### EXERCISE DATA
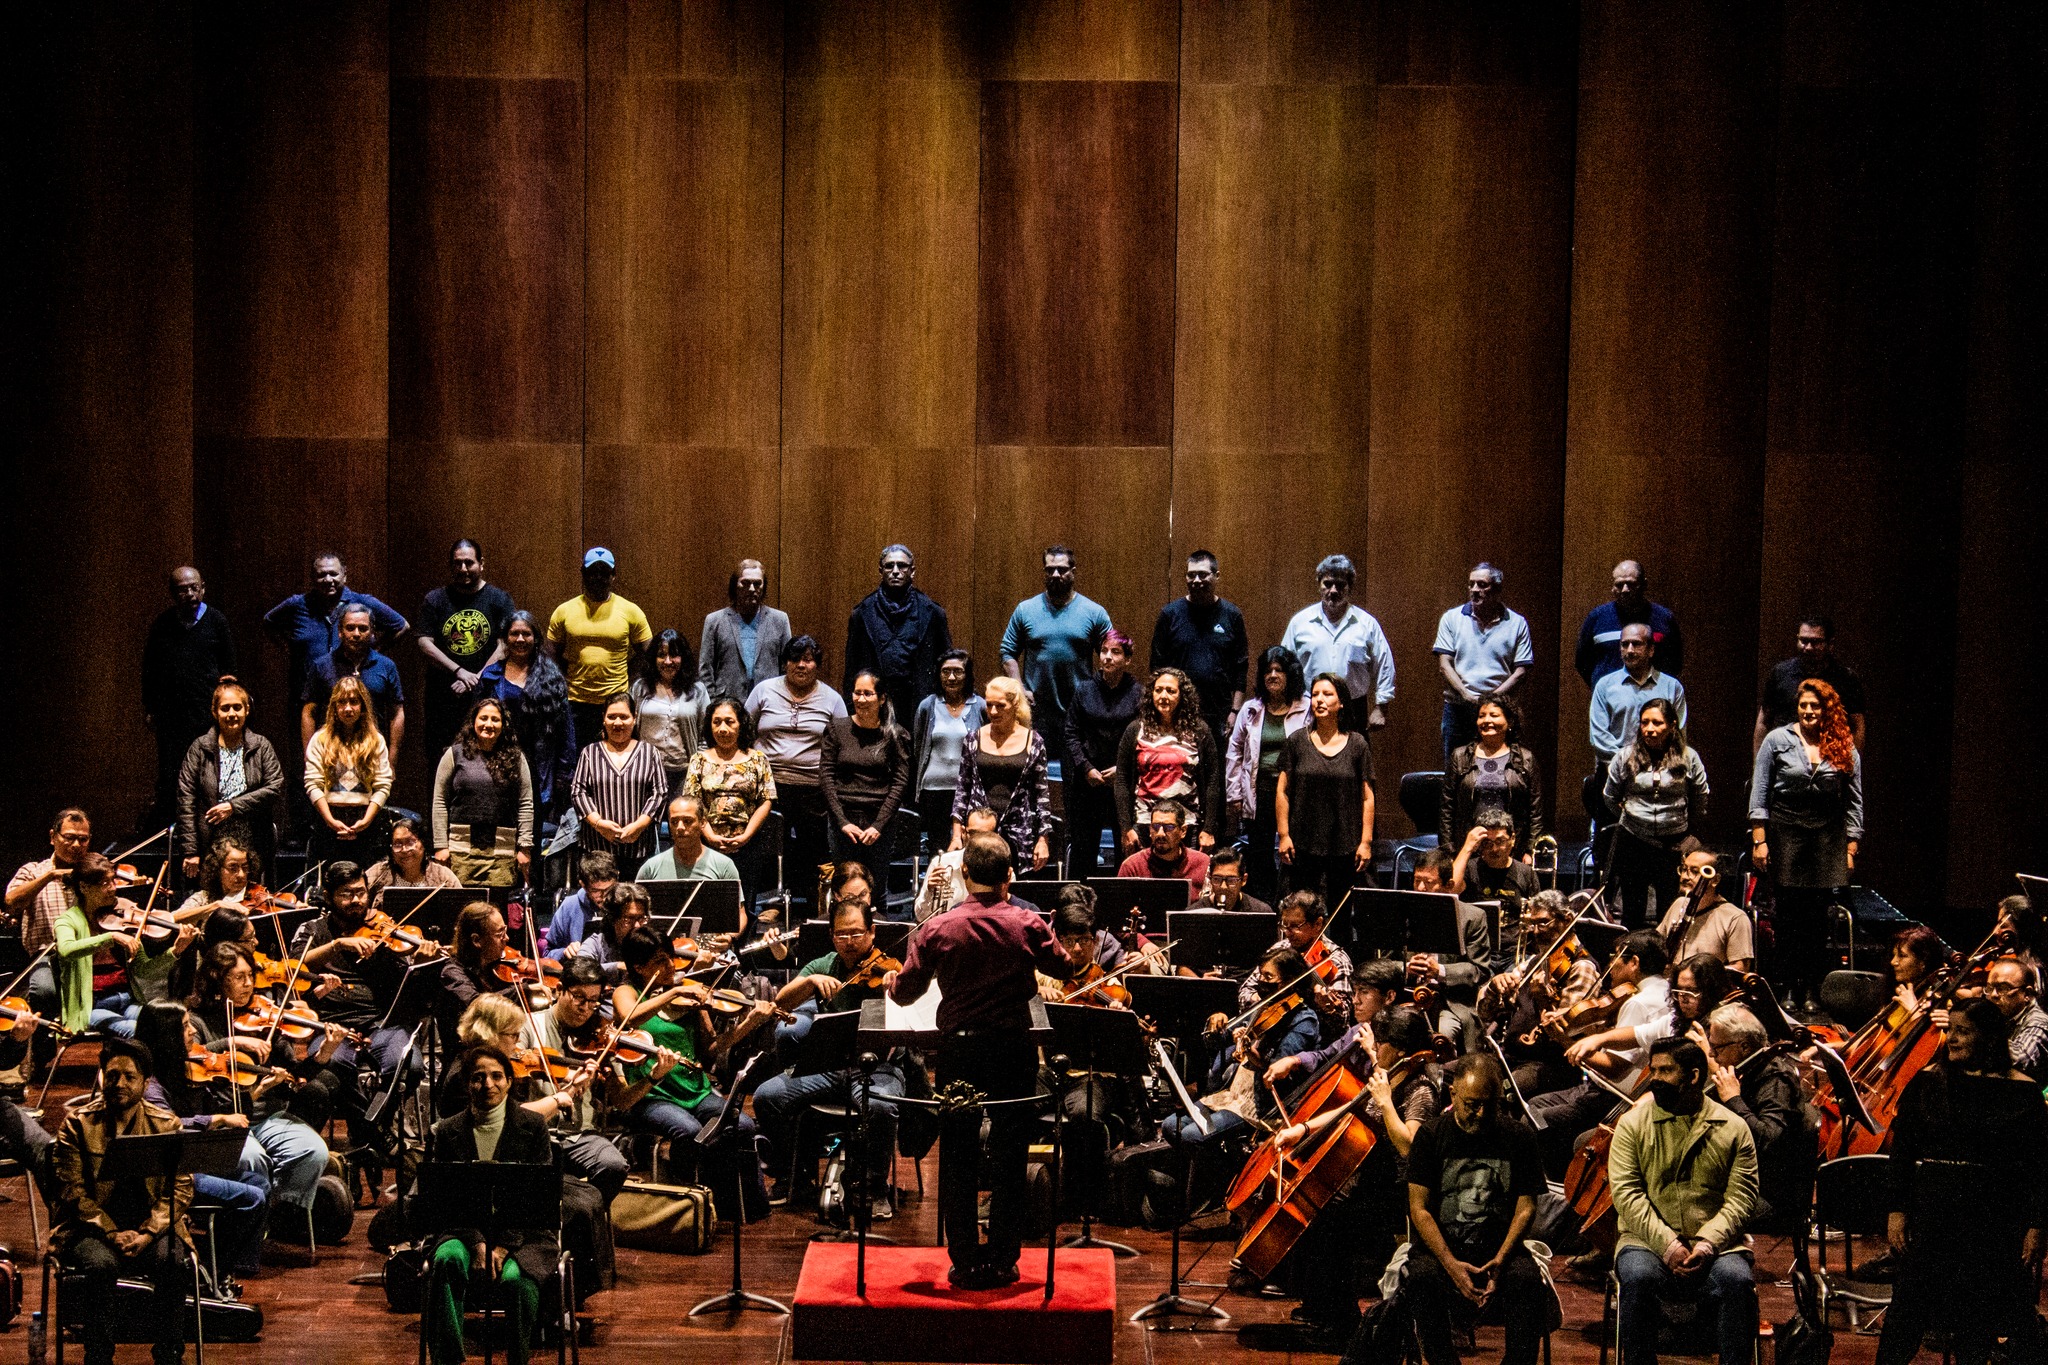 Coro Nacional del Perú y Orquesta Sinfónica Nacional del Perú ofrecieron un exitoso ensayo abierto de "La Perricholi"
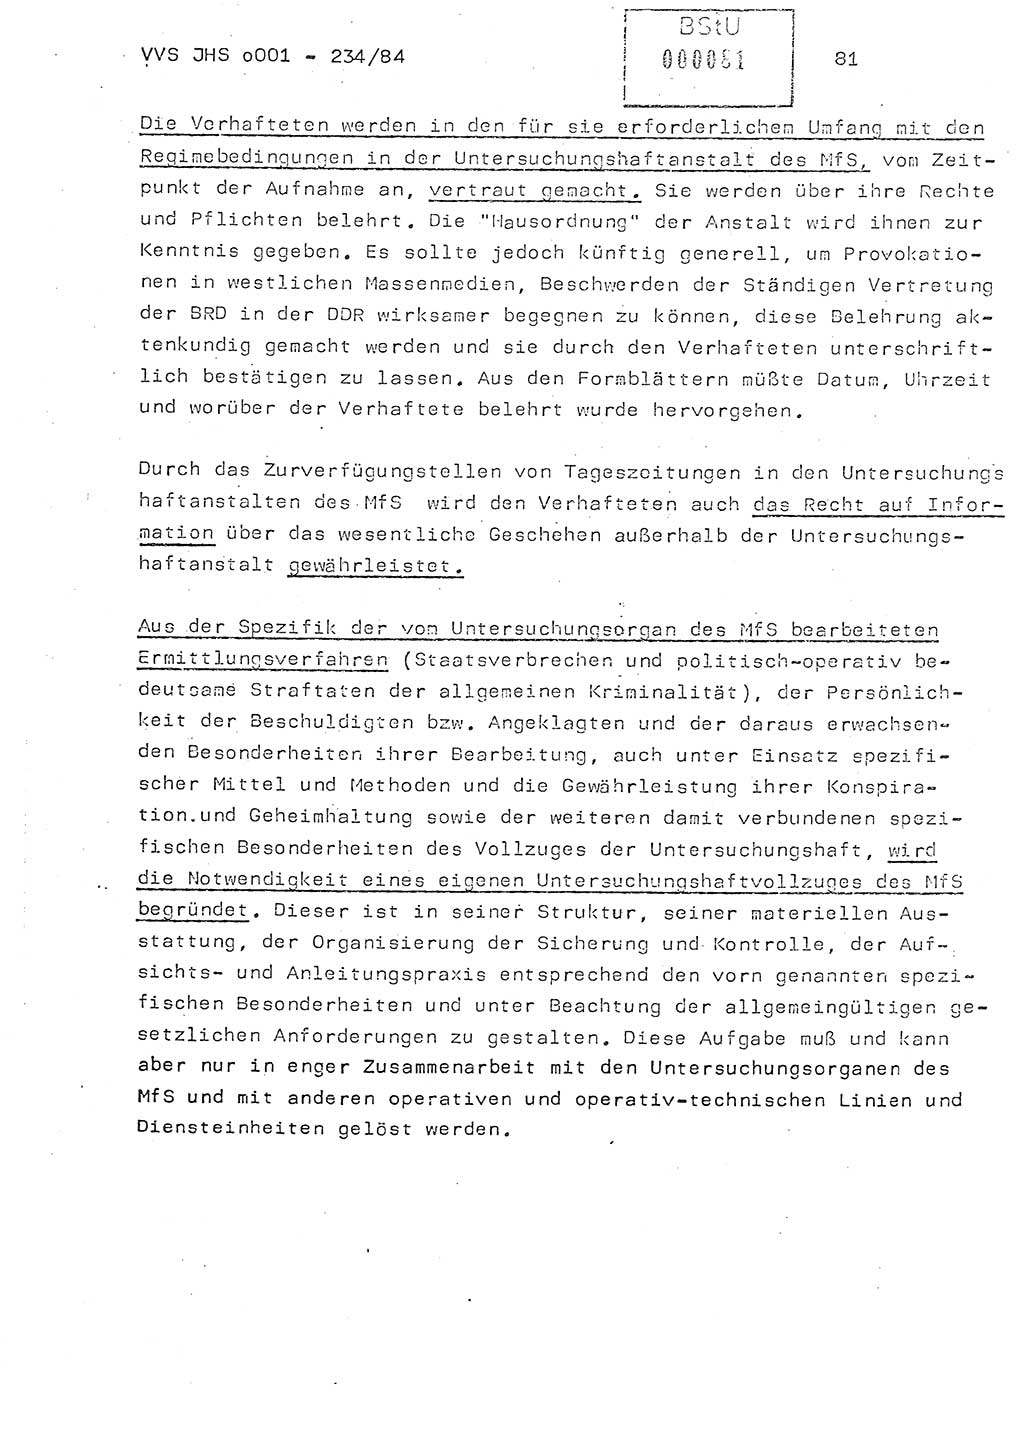 Dissertation Oberst Siegfried Rataizick (Abt. ⅩⅣ), Oberstleutnant Volkmar Heinz (Abt. ⅩⅣ), Oberstleutnant Werner Stein (HA Ⅸ), Hauptmann Heinz Conrad (JHS), Ministerium für Staatssicherheit (MfS) [Deutsche Demokratische Republik (DDR)], Juristische Hochschule (JHS), Vertrauliche Verschlußsache (VVS) o001-234/84, Potsdam 1984, Seite 81 (Diss. MfS DDR JHS VVS o001-234/84 1984, S. 81)
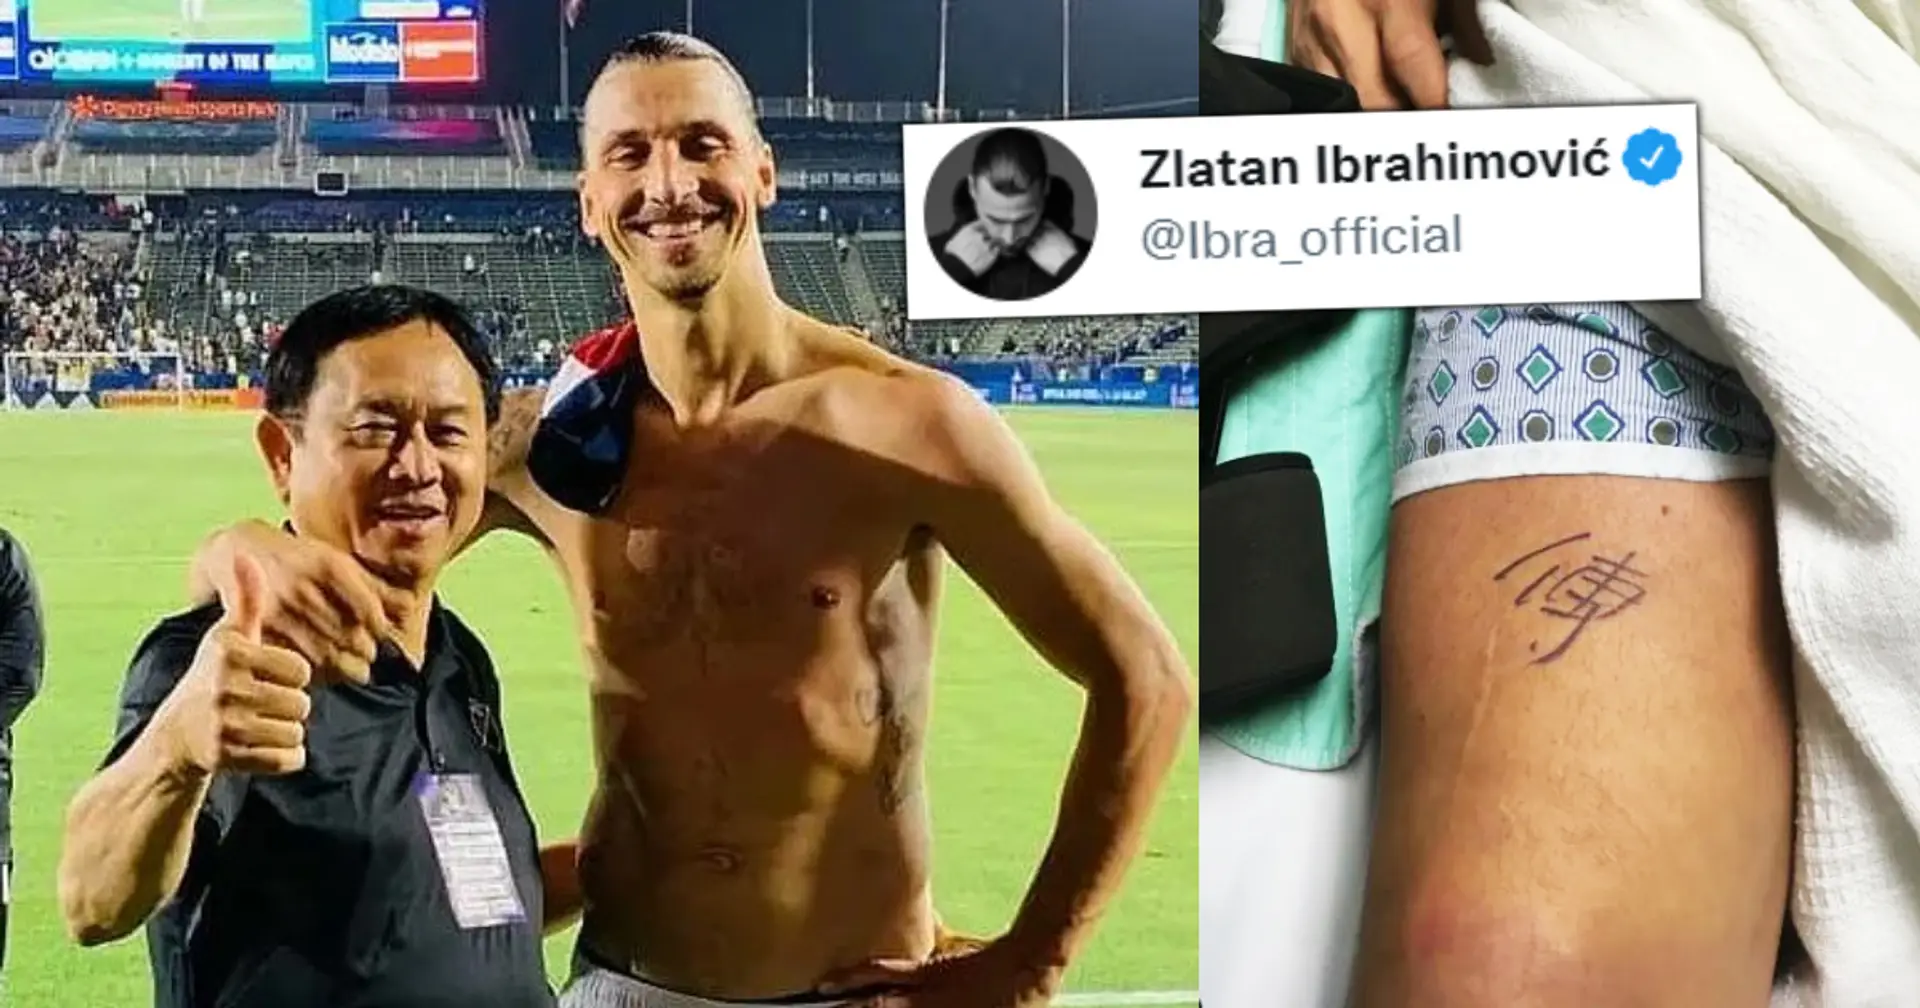 Pourquoi Zlatan a dédié un tatouage à l'homme à côté de lui dans le dernier post – expliqué

### WHAT TO WORK ON
Before writing out the material above, please remove its pictures; everything else stays exact.

### FINISHED EXERCISE
 Coro Nacional del Perú y Orquesta Sinfónica Nacional del Perú ofrecieron un exitoso ensayo abierto de "La Perricholi"
 Dissertation Oberst Siegfried Rataizick (Abt. ⅩⅣ), Oberstleutnant Volkmar Heinz (Abt. ⅩⅣ), Oberstleutnant Werner Stein (HA Ⅸ), Hauptmann Heinz Conrad (JHS), Ministerium für Staatssicherheit (MfS) [Deutsche Demokratische Republik (DDR)], Juristische Hochschule (JHS), Vertrauliche Verschlußsache (VVS) o001-234/84, Potsdam 1984, Seite 81 (Diss. MfS DDR JHS VVS o001-234/84 1984, S. 81)
 Pourquoi Zlatan a dédié un tatouage à l'homme à côté de lui dans le dernier post – expliqué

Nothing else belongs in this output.